_What is required_. Without including any pictures, write out the data below exactly.

_Available data_.
━━━━

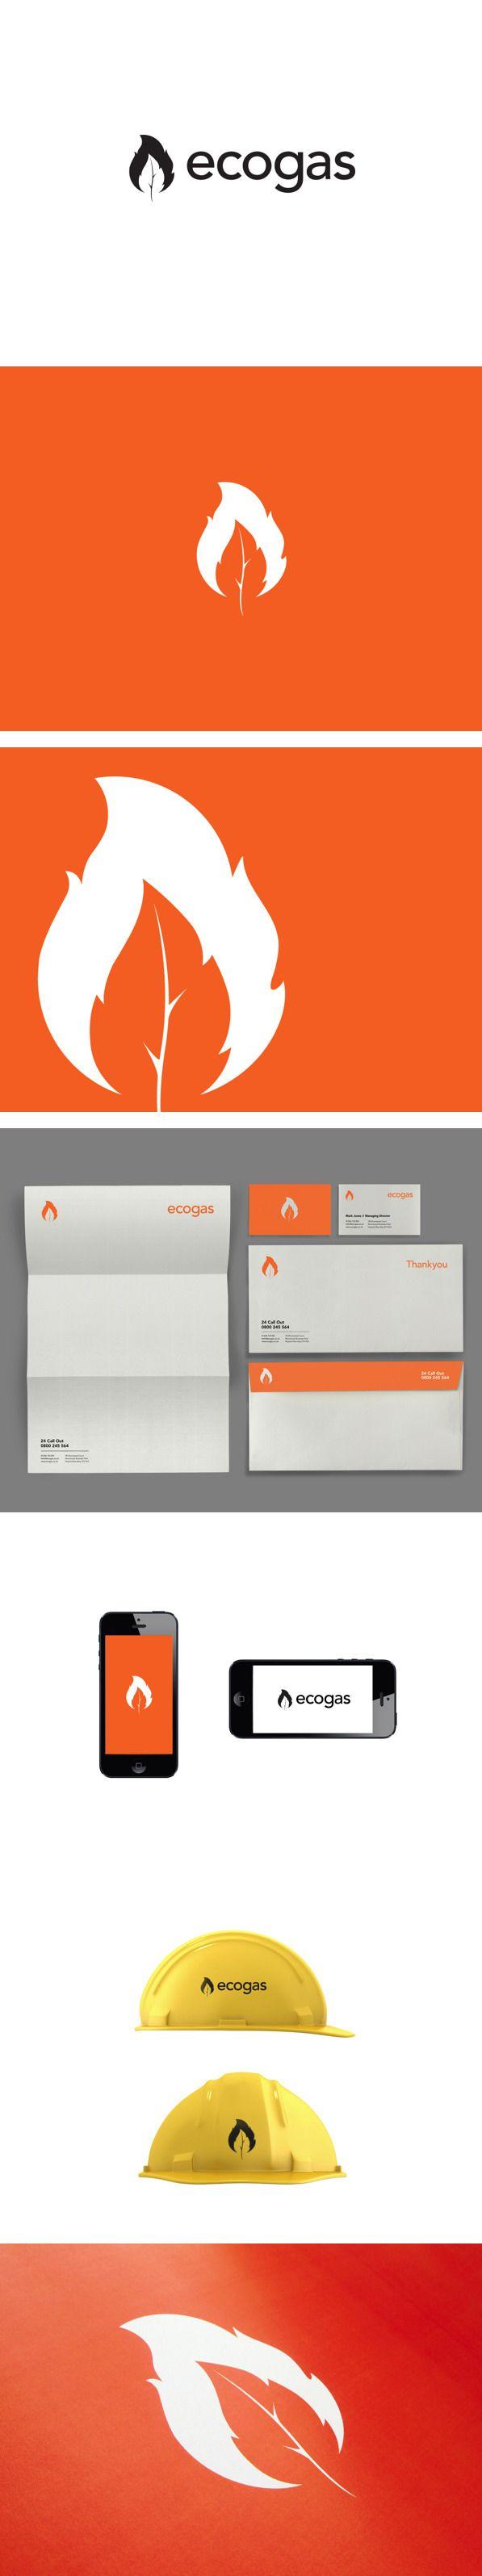 Burnin leaf logo idea. Ecogas Identity by Kyle Wilkinson
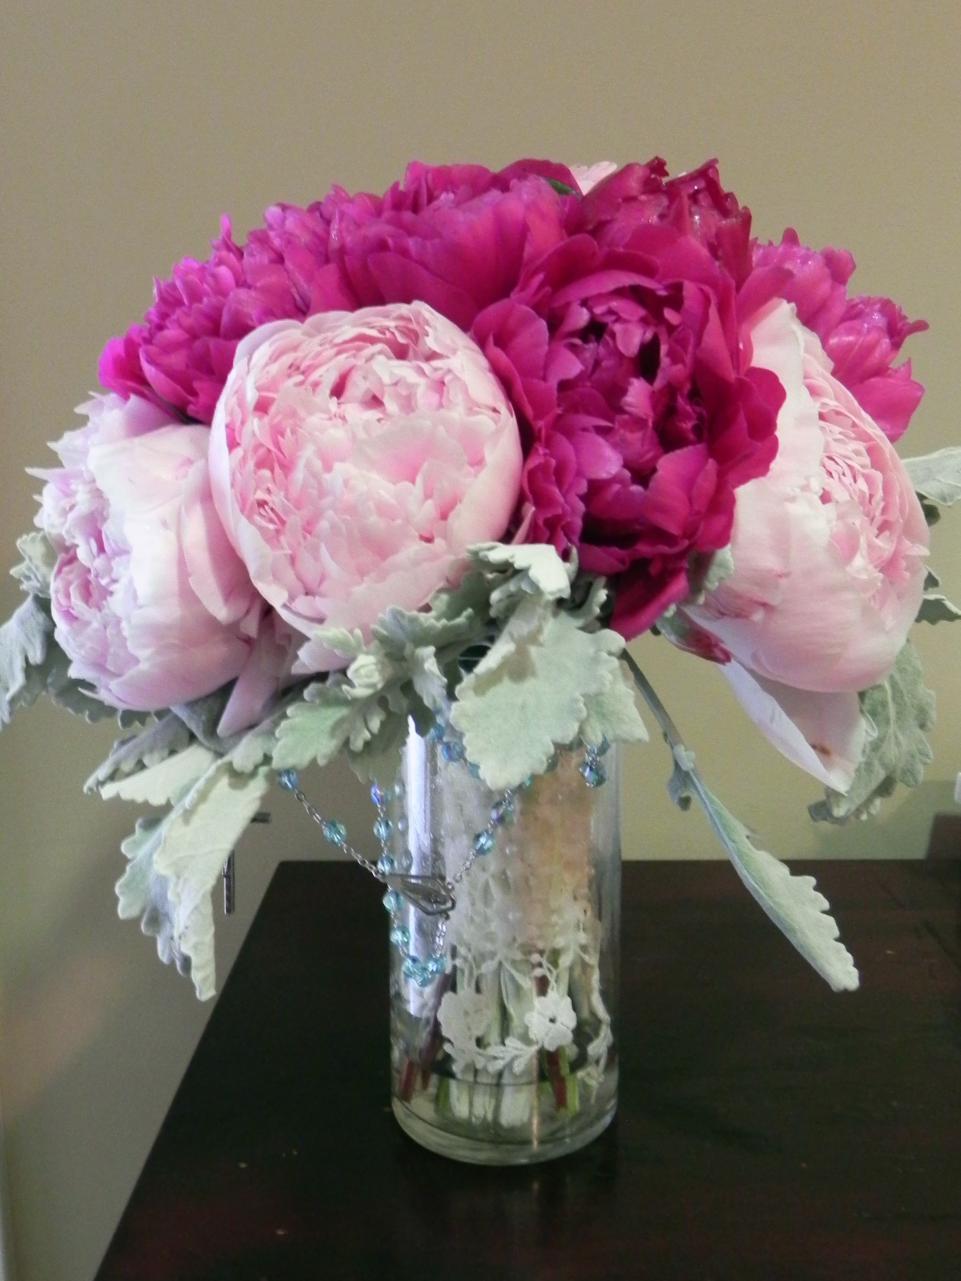 POSH Wedding Flowers - Between Bouquets
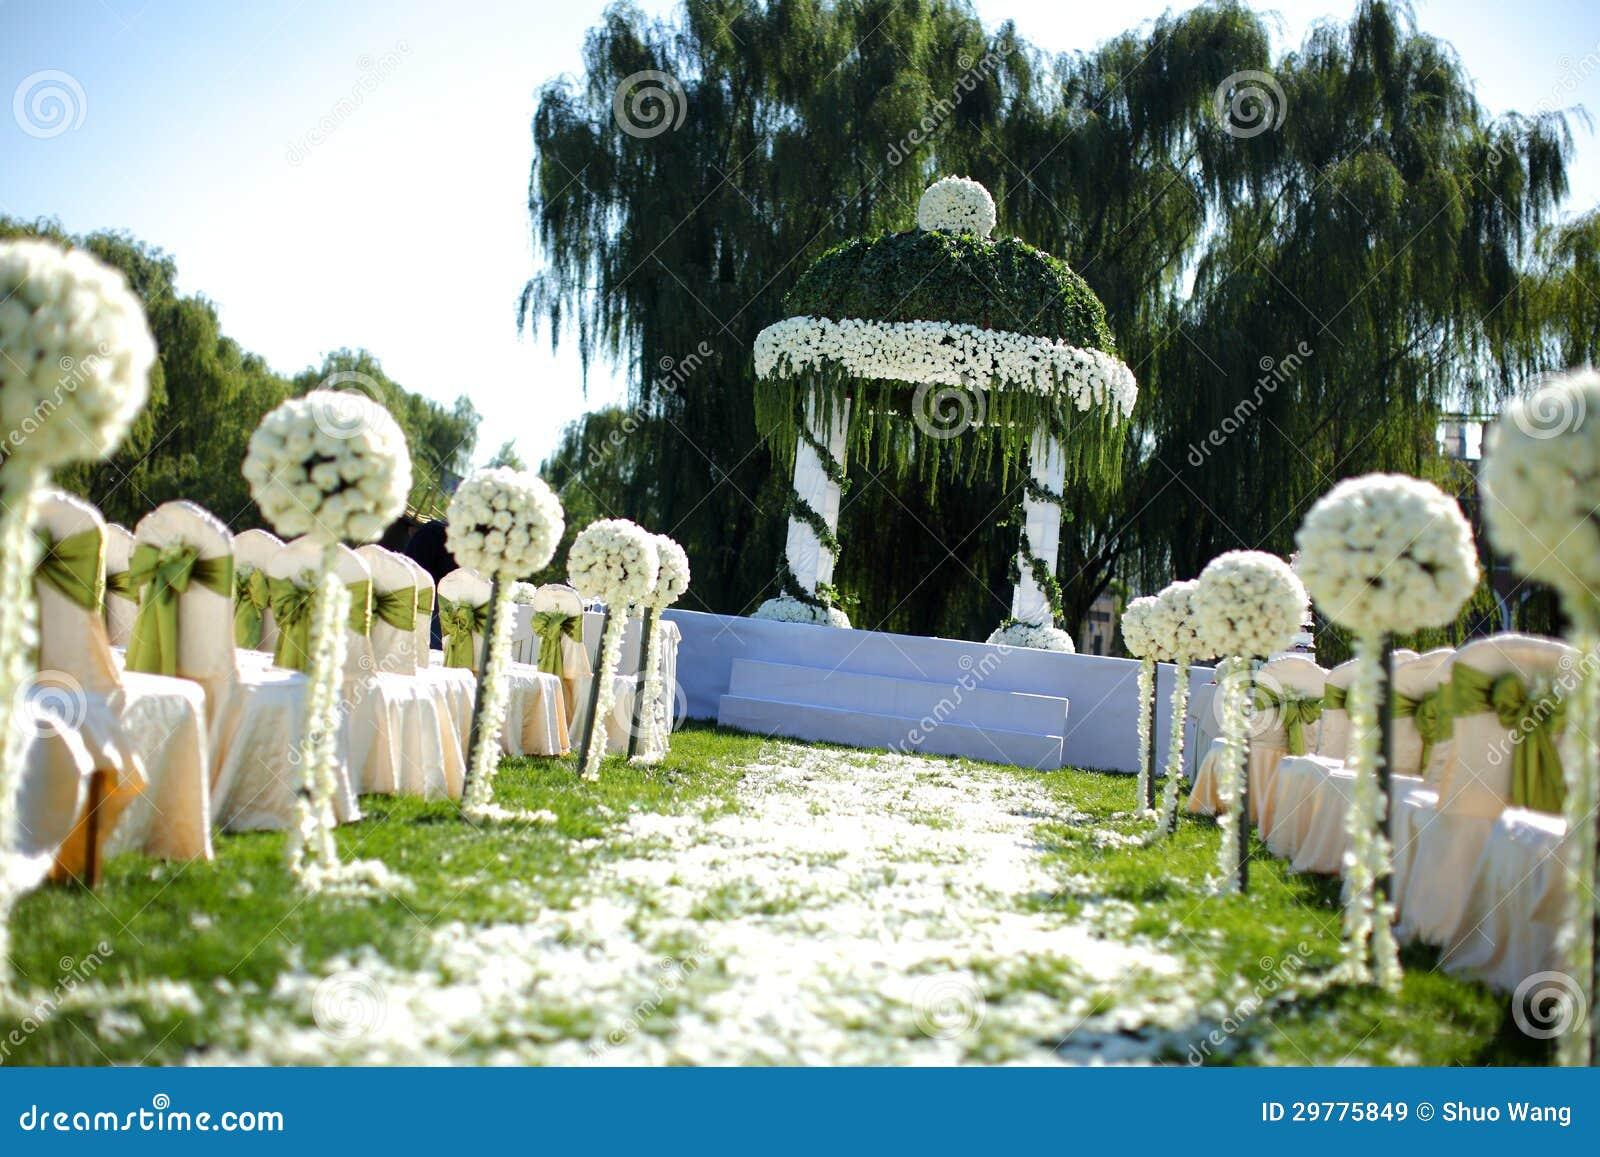 Hochzeit Szene Im Freien Stockbild Bild Von Verpflichtung 29775849
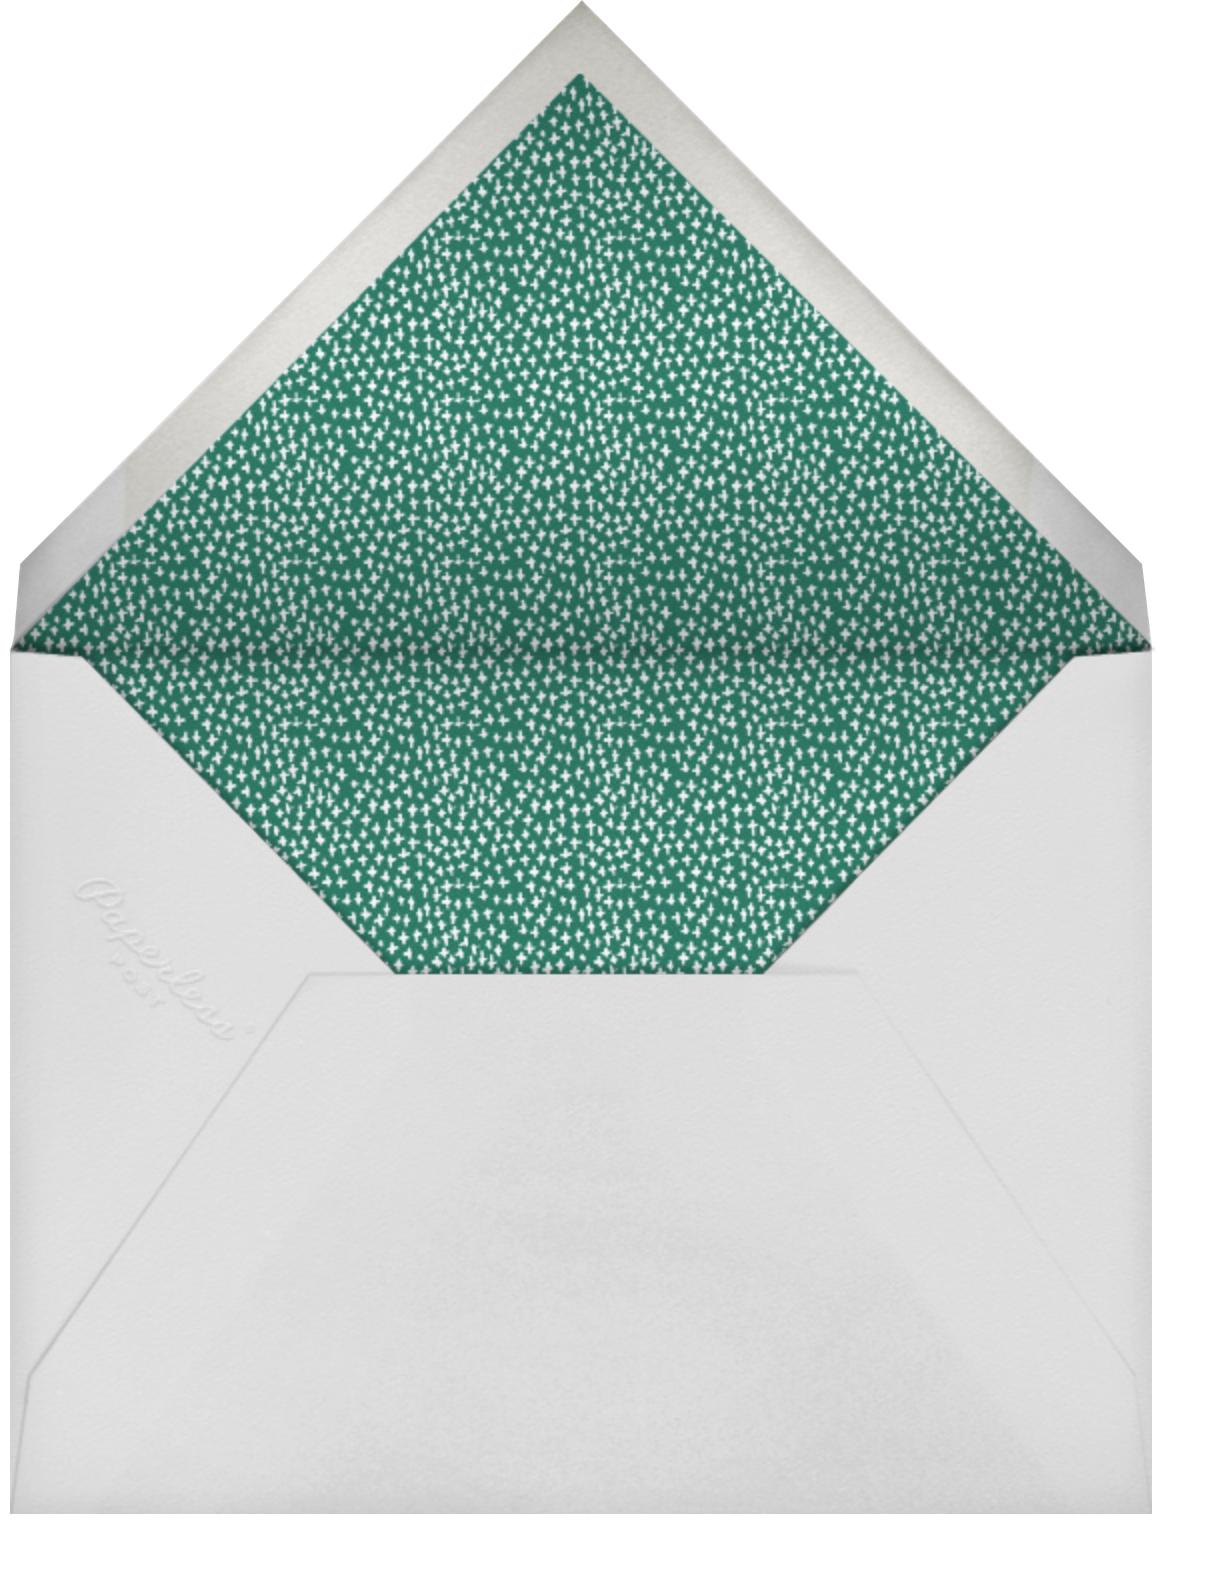 Mistletoe Bundles Photo - Mr. Boddington's Studio - Envelope

━━━━

_Solution to this problem_.
 Burnin leaf logo idea. Ecogas Identity by Kyle Wilkinson
 POSH Wedding Flowers - Between Bouquets
 Hochzeit Szene Im Freien Stockbild Bild Von Verpflichtung 29775849
 Mistletoe Bundles Photo - Mr. Boddington's Studio - Envelope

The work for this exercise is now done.